Task description: In the listing below, locate the line containing "Nike Air Force 1 Low By Custom Shoes." and copy it and every line after it through the end, exactly as written, leaving out any pictures.

Dataset content:

⟨

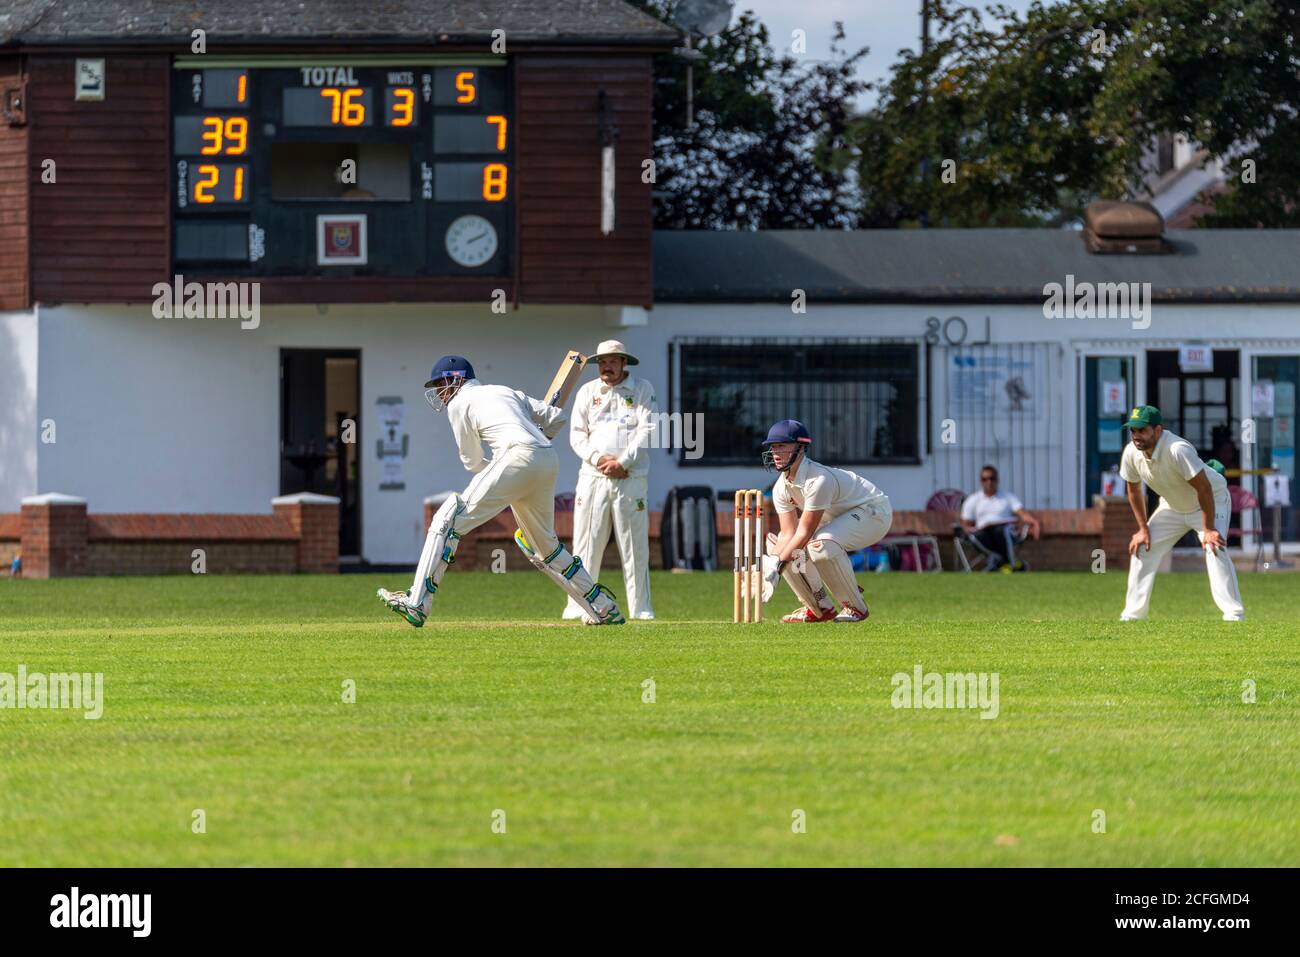 Cricket being played in Chalkwell Park, Westcliff on Sea, Southend, Essex, UK. Leigh on Sea Cricket Club batsman batting Stock Photo
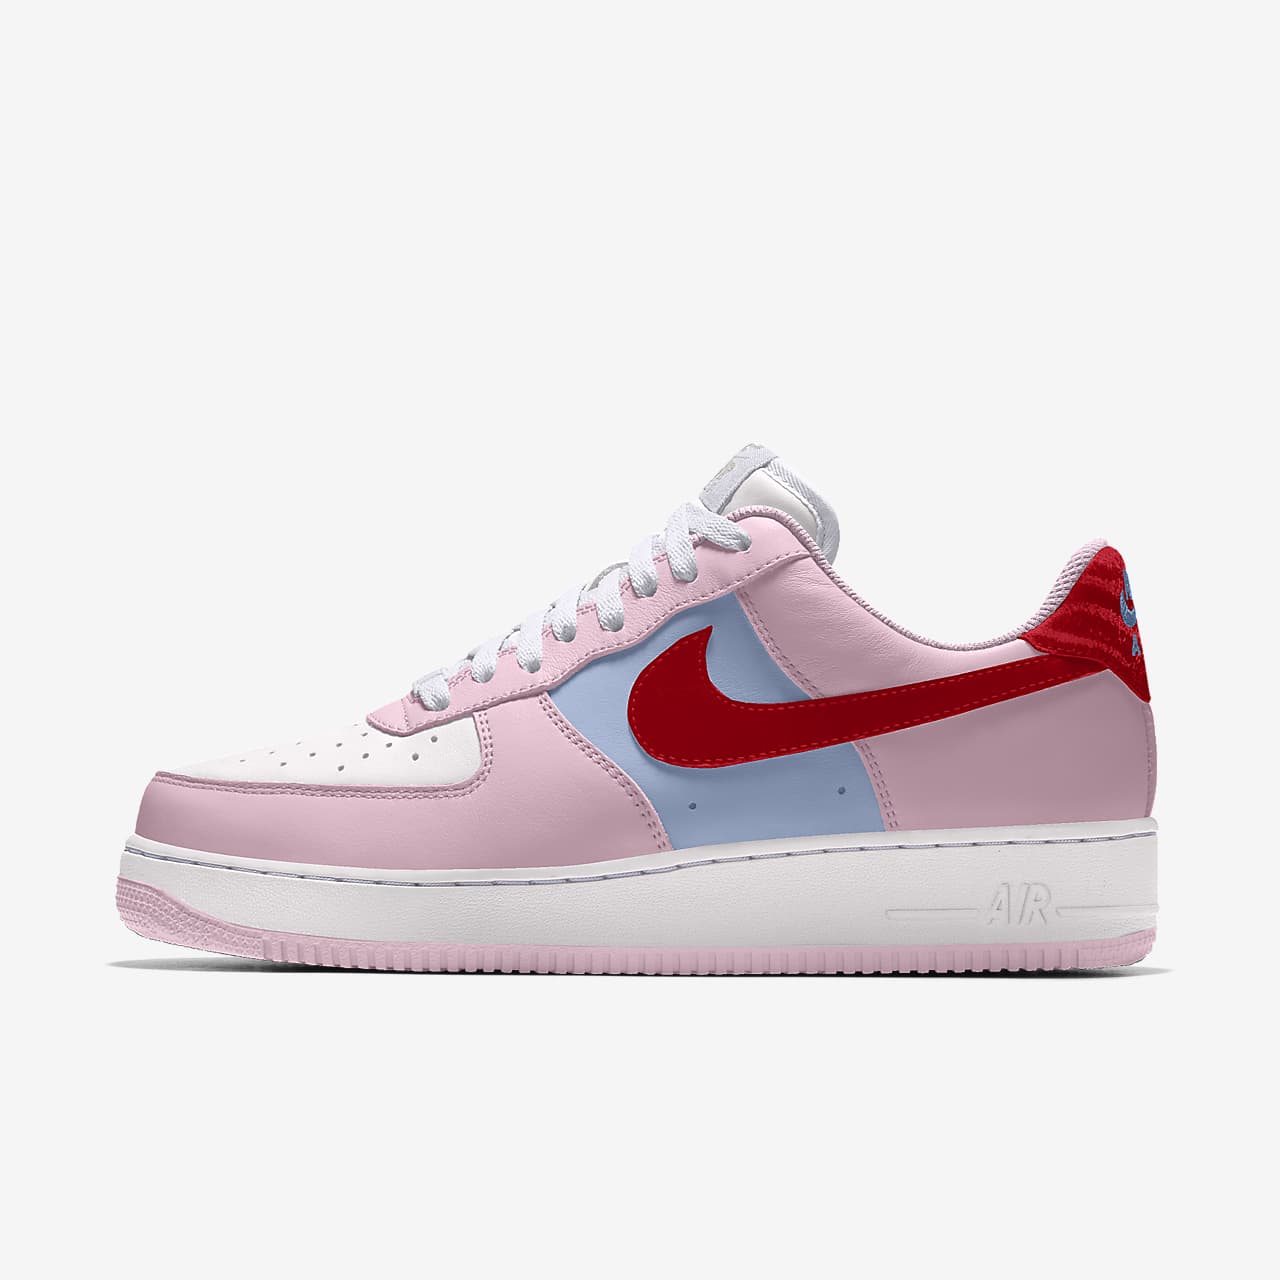 Nike Air Force 1 Low By Custom Shoes.
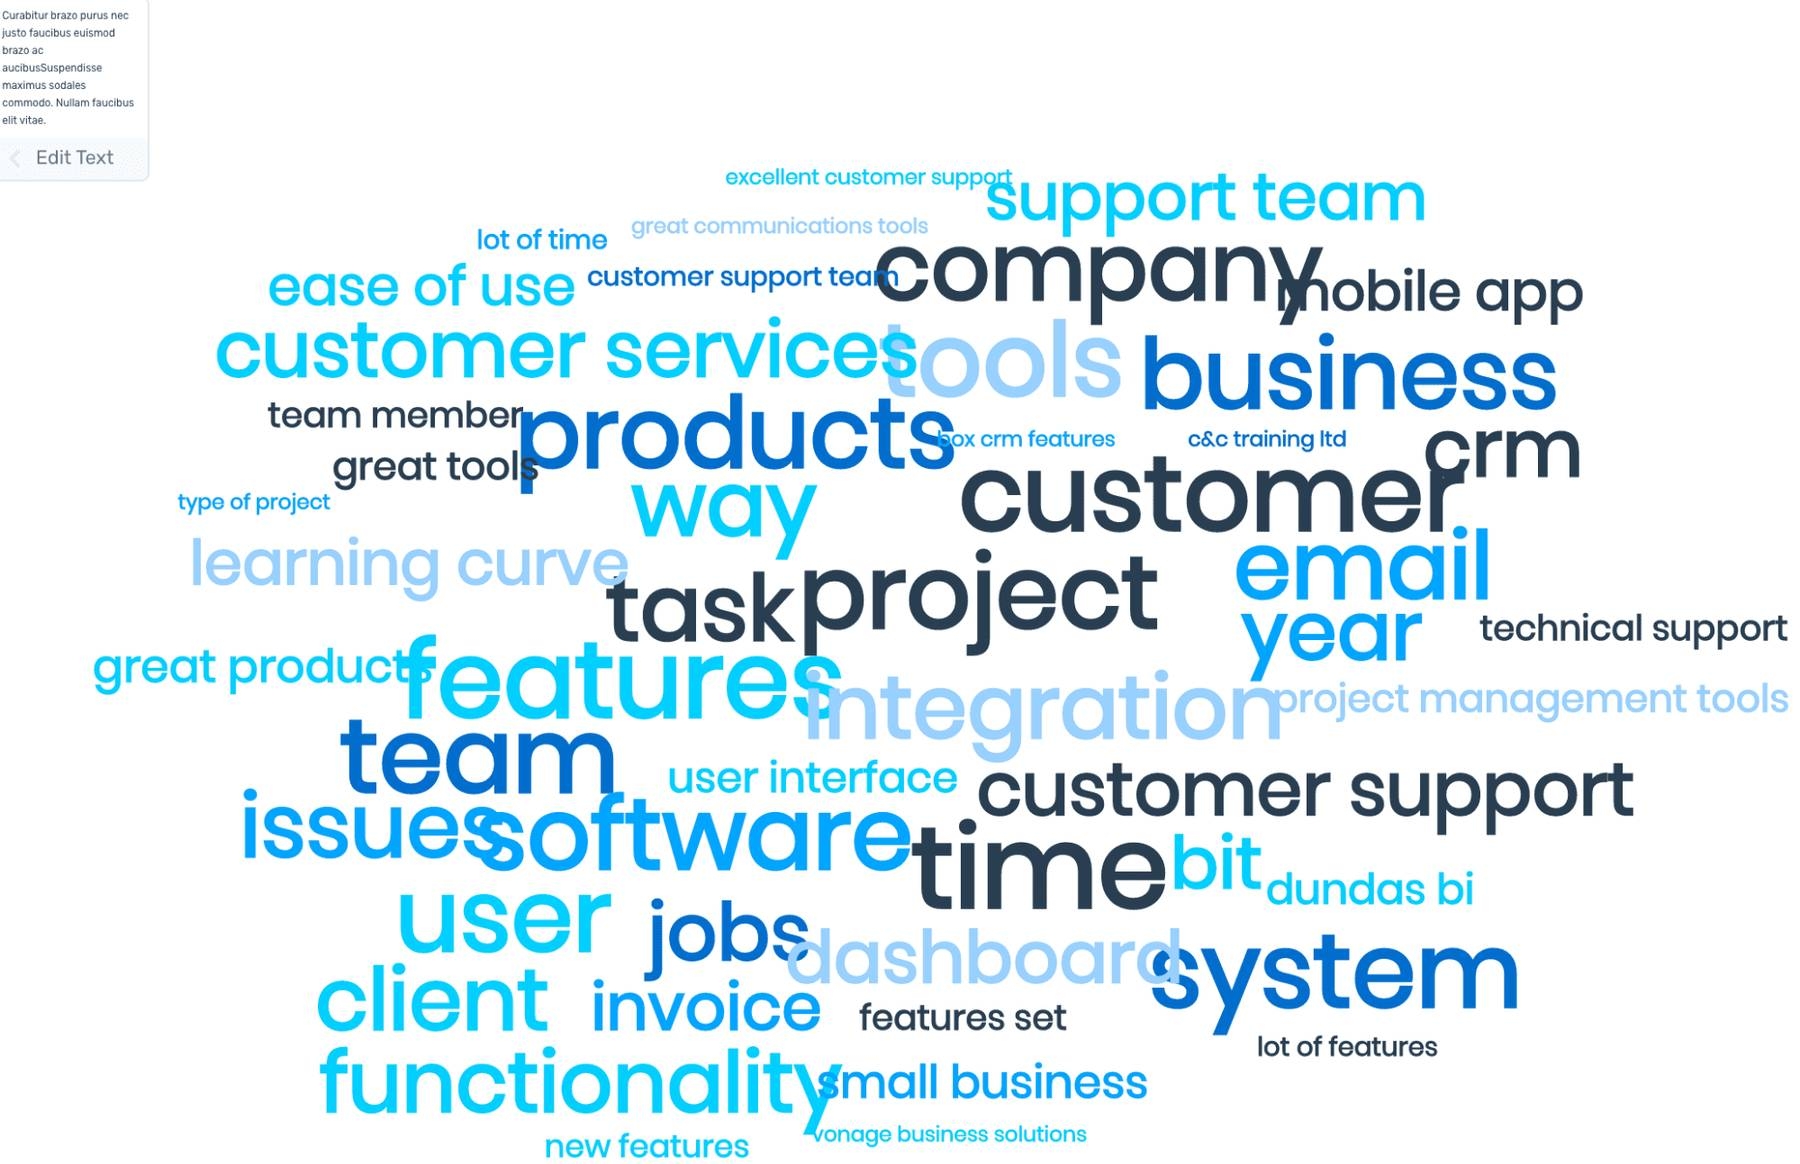 An example of a word cloud from SaaS software review data.
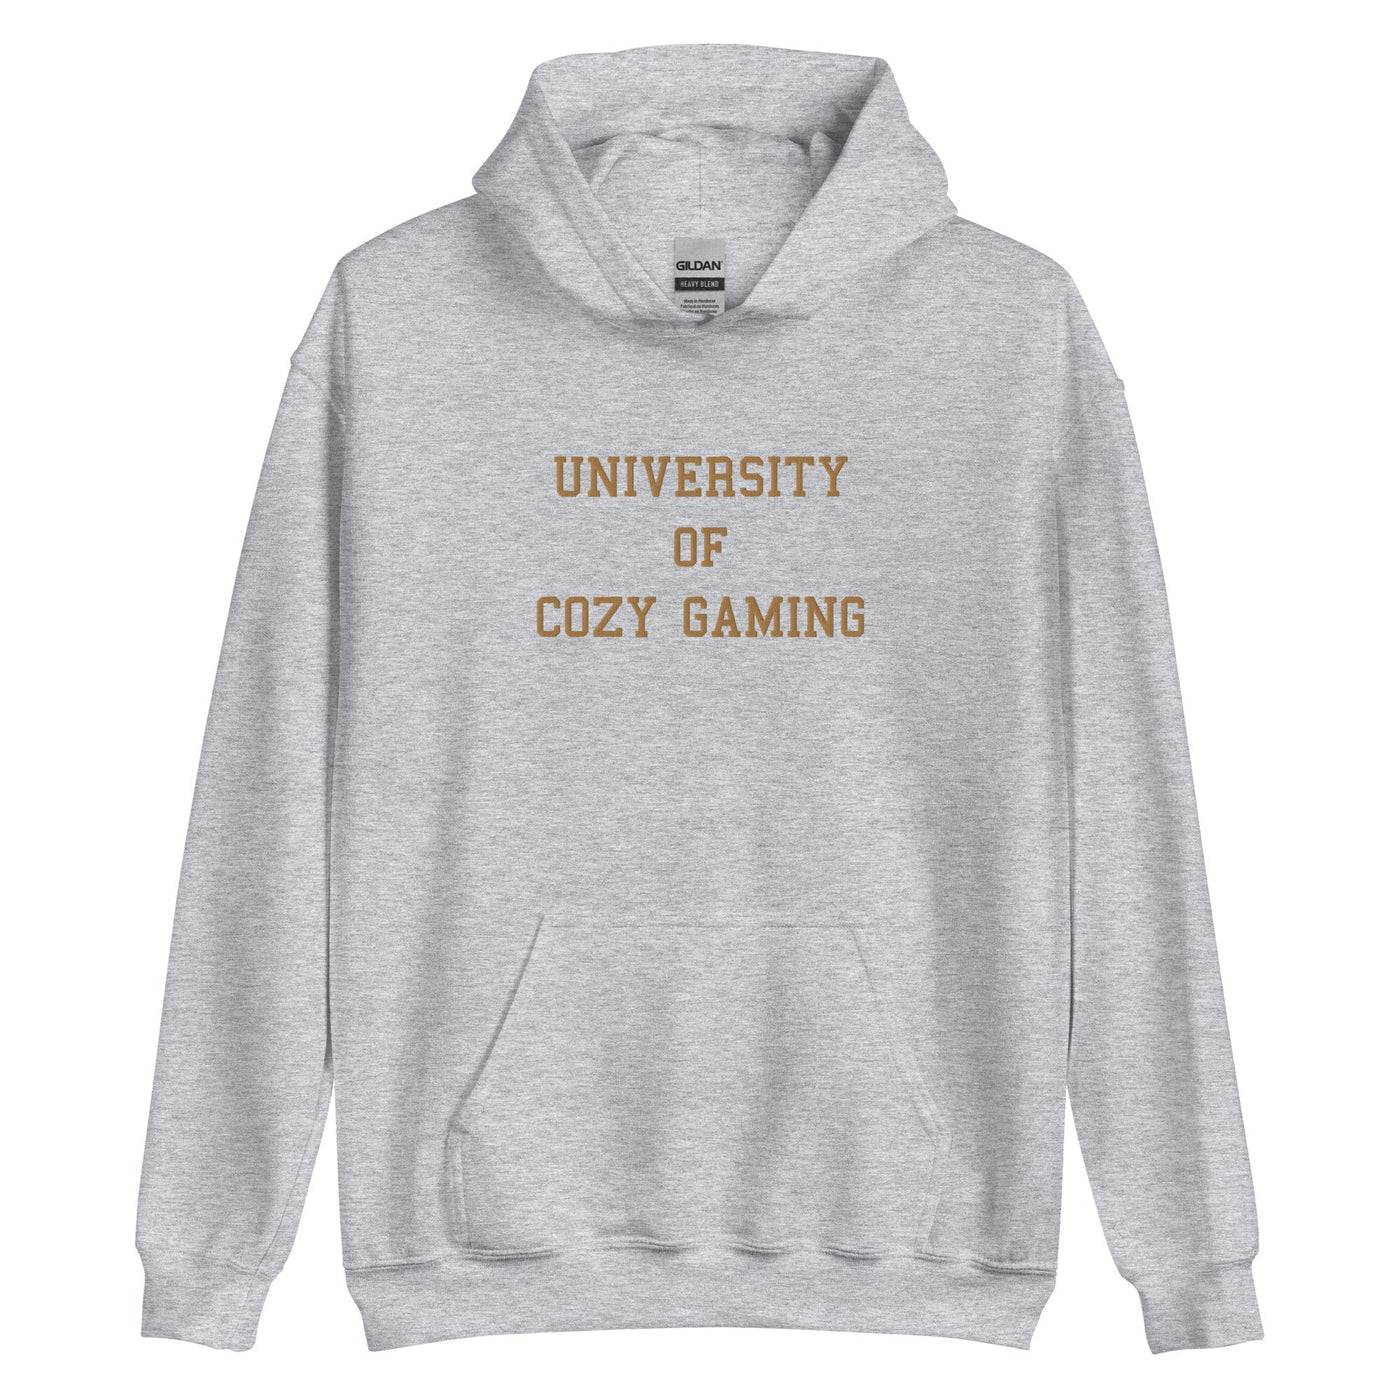 University of Cozy Gaming | Embroidered Unisex Hoodie | Cozy Gamer Threads and Thistles Inventory Sport Grey S

⟩

Answer section:
 Nike Air Force 1 Low By Custom Shoes.
 An example of a word cloud from SaaS software review data.
 University of Cozy Gaming | Embroidered Unisex Hoodie | Cozy Gamer Threads and Thistles Inventory Sport Grey S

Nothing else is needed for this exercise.